"Mumford" is a weightless comedy with old-fashioned appeal, the kind of innocuous, affable picture in which happiness is just a musical montage sequence away.
Fifty years ago, it might have been a Jimmy Stewart movie, with a few subject matter alterations. Twenty-five years ago, Dustin Hoffman could have been the lead. In 1999 though, the title role goes to Loren Dean ("Gattaca"), who plays a warmhearted con man winging it as a psychologist in a small mountain town, where his unconventional therapy methods turn around the distressed lives for a smattering of eccentric residents.
Handsome, open and amiable, he's been in town only four months and already he's everyone's friend.
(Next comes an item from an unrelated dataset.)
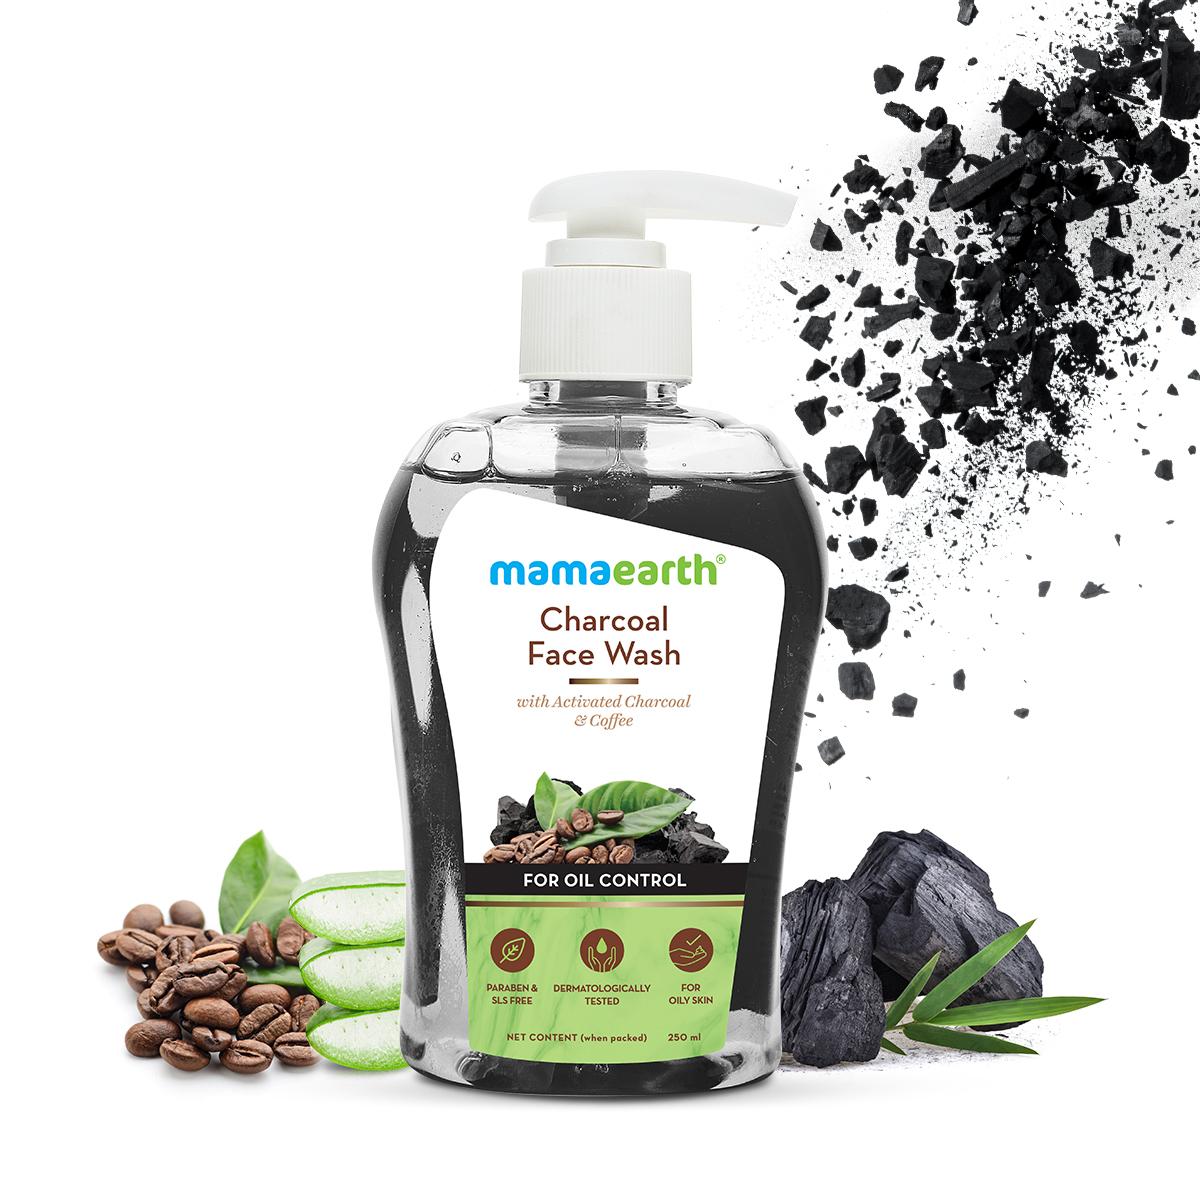 charcoal face wash with activated charcoal and coffee for oil control - 250ml

He's just the kind of guy strangers tell their problems to, which is why he decided to give it a go in the head shrinking game.
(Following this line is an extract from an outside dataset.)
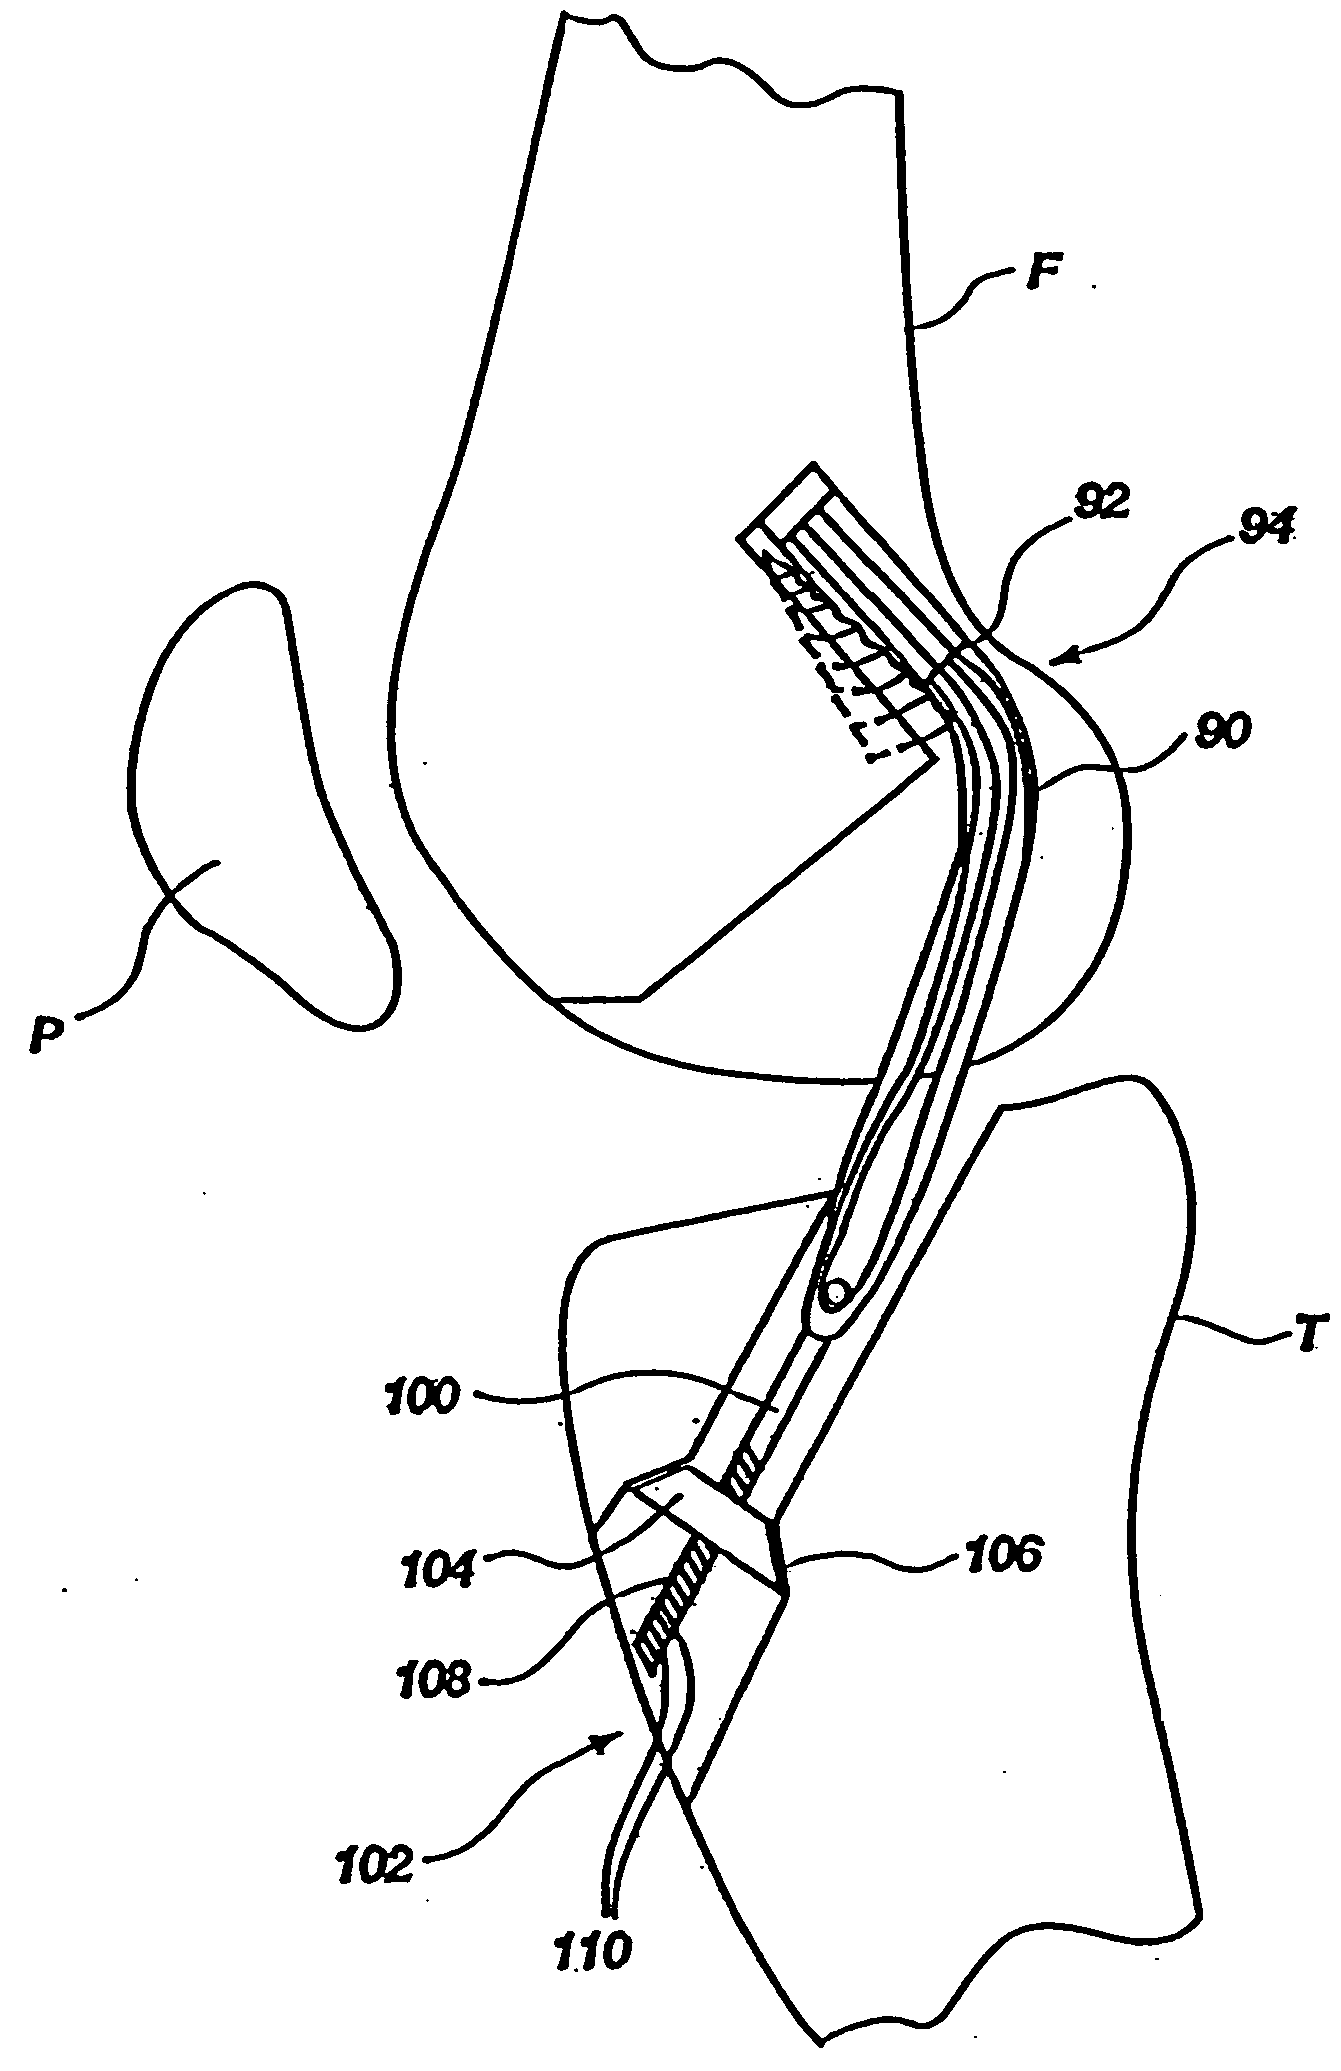 Endosteal tibial ligament fixation with adjustable tensioning

His patients include a pharmacist (Pruitt Taylor Vince, "Heavy") overwhelmed by pulp fiction sex fantasies, a high-strung, skateboarding, billionaire modem magnate (Jason Lee, "Chasing Amy") freaked out about never finding true love now that models and gold-diggers throw themselves at him; a misanthropic high school girl (newcomer Zooey Deschanel) with corrosive body-image issues; a disaffected housewife (Mary McDonnell, "Independence Day") who's become a compulsive catalog shopper; and Sophie (Hope Davis, "Next Stop, Wonderland"), a divorcee with chronic fatigue syndrome in which our hero takes a special interest that leads to the kind of ethical dilemma he probably should have had before faking his credentials.
Written and directed by Lawrence Kasdan ("Body Heat," "The Big Chill," "Silverado") with an ear for meaningful but unpretentious dialogue, "Mumford" is something of an ensemble piece, yet everything hangs on Dean's subtle, scheming performance as the mock doctor, who -- he confesses to one patient -- is trying to make up for a past as an ruthless IRS investigator and misfit cocaine addict.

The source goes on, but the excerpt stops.